There have been some interesting comments on Twitter recently about selling price of handmade items. Fiora Aeterna shared an exchange from her friend a Cosplay prop and costume maker.
There were a couple of notable points about the exchange. Firstly the purchaser was very angry and that manifested in rudeness. The second was that the buyer and seller had very different ideas about the price. The buyer was using the price of mass produced items as a comparison. The seller estimating based on her costs.
A few days later I spotted a very similar exchange with a hobby crocheter where someone wanted a large blanket but wanted to pay shop prices. The crocheter pointed out that the a large blanket used a lot of wool and time to make.
For the cosplayer prop maker, there were two main costs. Firstly the materials which were high quality and secondly time, the maker estimated 50-100 hours for creation.
There are other costs such as design, ordering materials and shipping. These can both take time and expense.
So how do the shops/factories save on cost compared to the sole maker? The key way is on volume. By making lots of things they have lower costs per item. For example they can use automation which might have a high setup cost but the cost per item is much lower.
When I was working as an apprentice at Dowty I spent a few months in their purchasing department. One of the things they outsourced was washers made from specialist materials. For some of the items made they just needed one washer per part so they might only use 10 washers per year. Those parts got sent out to a guy in a shed who would make them by hand for a few pounds each. This was still cheaper than the CNC shops who had a minimum of £100 setup cost but could then produce washers for a few pennies each.
Related to volume is specialist equipment. For a supplier making millions of an item an injection moulding can be made. Although there is a very high initial cost the cost per item is tiny.
As a maker starting up neither of these strategies are particularly helpful. But as you get more established it’s possible to order more parts than you need and spread that cost over several projects. Also saving up for machines that will save you time on repetitive jobs is something that can be considered.

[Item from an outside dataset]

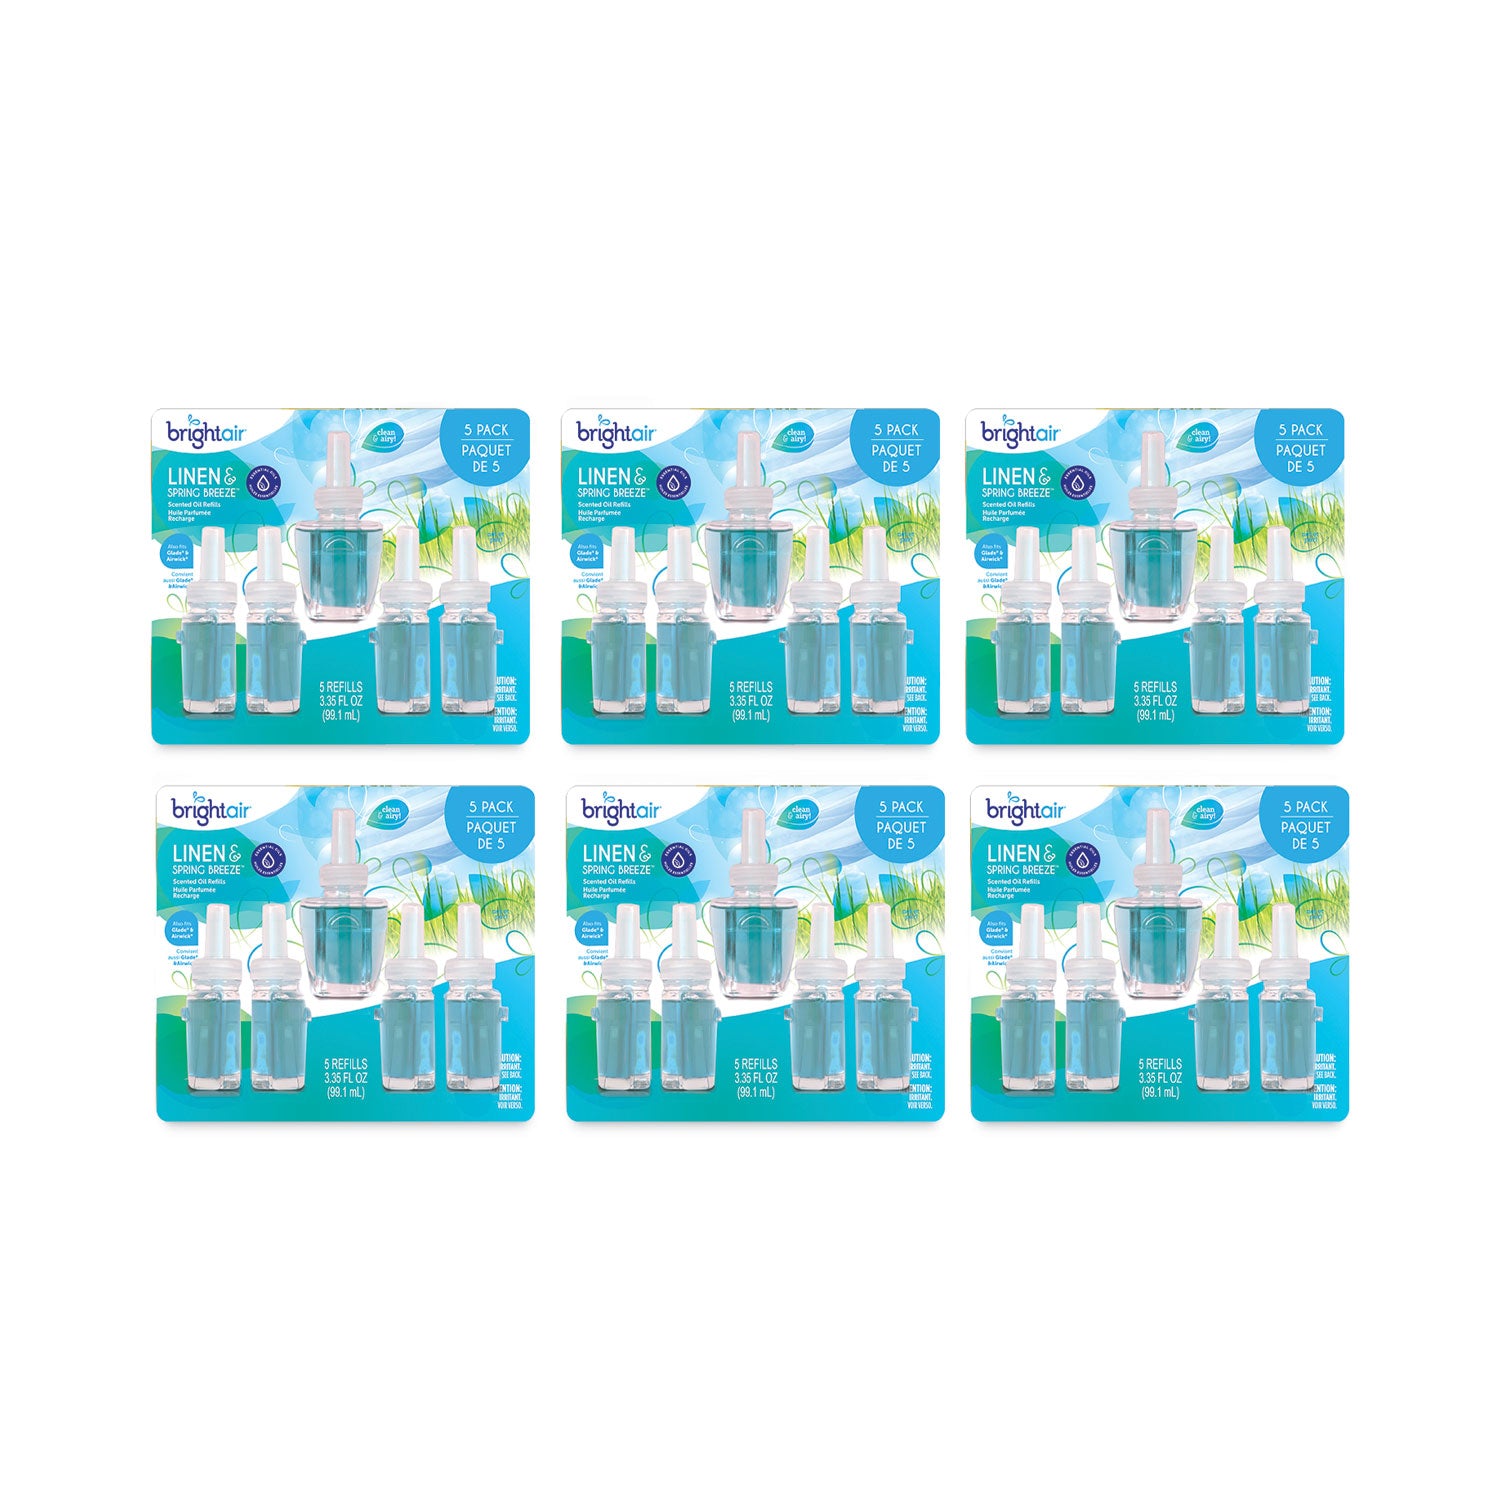 electric-scented-oil-air-freshener-refill-linen-and-spring-breeze-067-oz-bottle-5-pack-6-pack-carton_bri900669ct - 2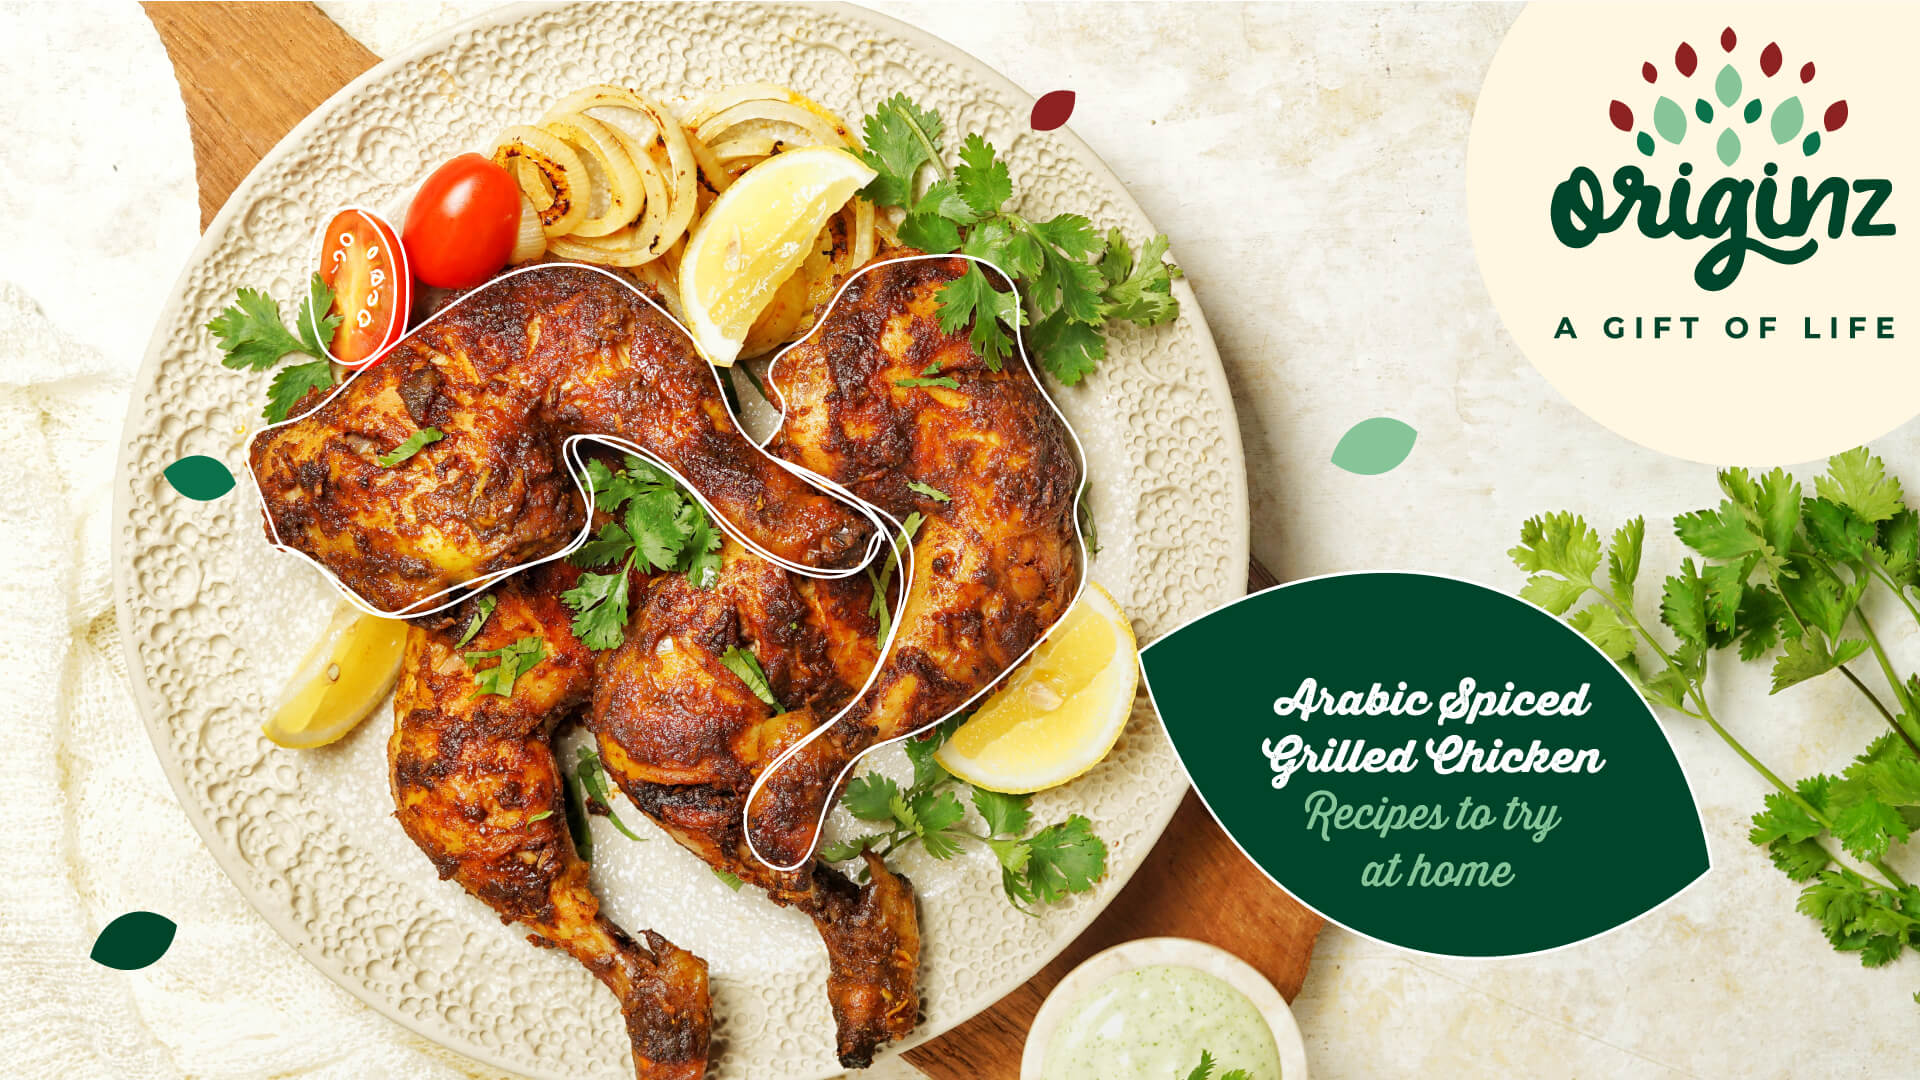 Arabic Spiced Grilled Chicken Recipes to Try at Home

Embedded electronics expert Elicia White mentioned on her Embedded FM podcast that for mass produced toys they might swap in a lower spec processor to save cost and then spend longer shrinking the code to fit. As a maker you could take the opposite strategy and get a batch of middle of the range modules or processors that could be used over a range of projects. That way you save time learning new boards and can bulk order. You could also save time by not having to optimise or shrink your code.
Also by sharing your making process, others can see the effort and skill put into the process. This can help them understand why your items are not the same as a factory item.
The price of an item is the amount of money that the buyer and seller agree to exchange for an item or service. As a maker setting prices is a difficult challenge. Too high and there will be no sales, too low and you won’t cover your costs. There are whole books and courses on setting price. But as the price is what a buyer is willing to pay it’s hard to have a direct influence over it so people feel forced to price too low. The difference between price and cost expressed as a percentage is known as the margin, for mass market items these margins are very small, say 5%. But because the companies are big it is fine if one product does really well and makes a big profit and another makes a loss. For a sole trader or small maker business these margins need to be larger to protect you from the variations and quiet times. So margins of 40-50% are more helpful.
The exchange that Fiora highlighted had an interesting point from the buyer. They perceived that the price should depend on how famous the seller was. This annoyed the seller no end as they were basing their price on quality, effort and cost. The buyer then further annoyed the seller by suggesting that because they would be showing off the costume this was effectively free marketting and should warent a further discount.
So why are the buyer and seller so far apart in their thinking?
This is because the buyer is basing their price on value not cost.
Oscar Wilde famously wrote, “a cynic is a man who knows the price of everything and the value of nothing”.
The quote was a reference to the need to look beyond the financial to ethical, moral, philosophical or cultural values. But it’s not really those values were are thinking of here.
By value we need to think of what the product is doing for the buyer. Is the person buying a “costume” or are they buying the opportunity to be a star at a party or cosplay convention? Is the person buying a new tool or buying the ability to get their work done faster or more accurately.
So when pricing a make we need to look at what we can do to increase the value for the buyer. Can it be personalised? Can they have some input to the design even if that is just picking from a selection of options? If we can get the value higher than the price then the buyer will be very happy. If the price is greater than the value the customer will be disappointed.
So the key is that
Cost < Price < Value
What are your thoughts on how a small maker can ensure their customers perceive the value of their creations?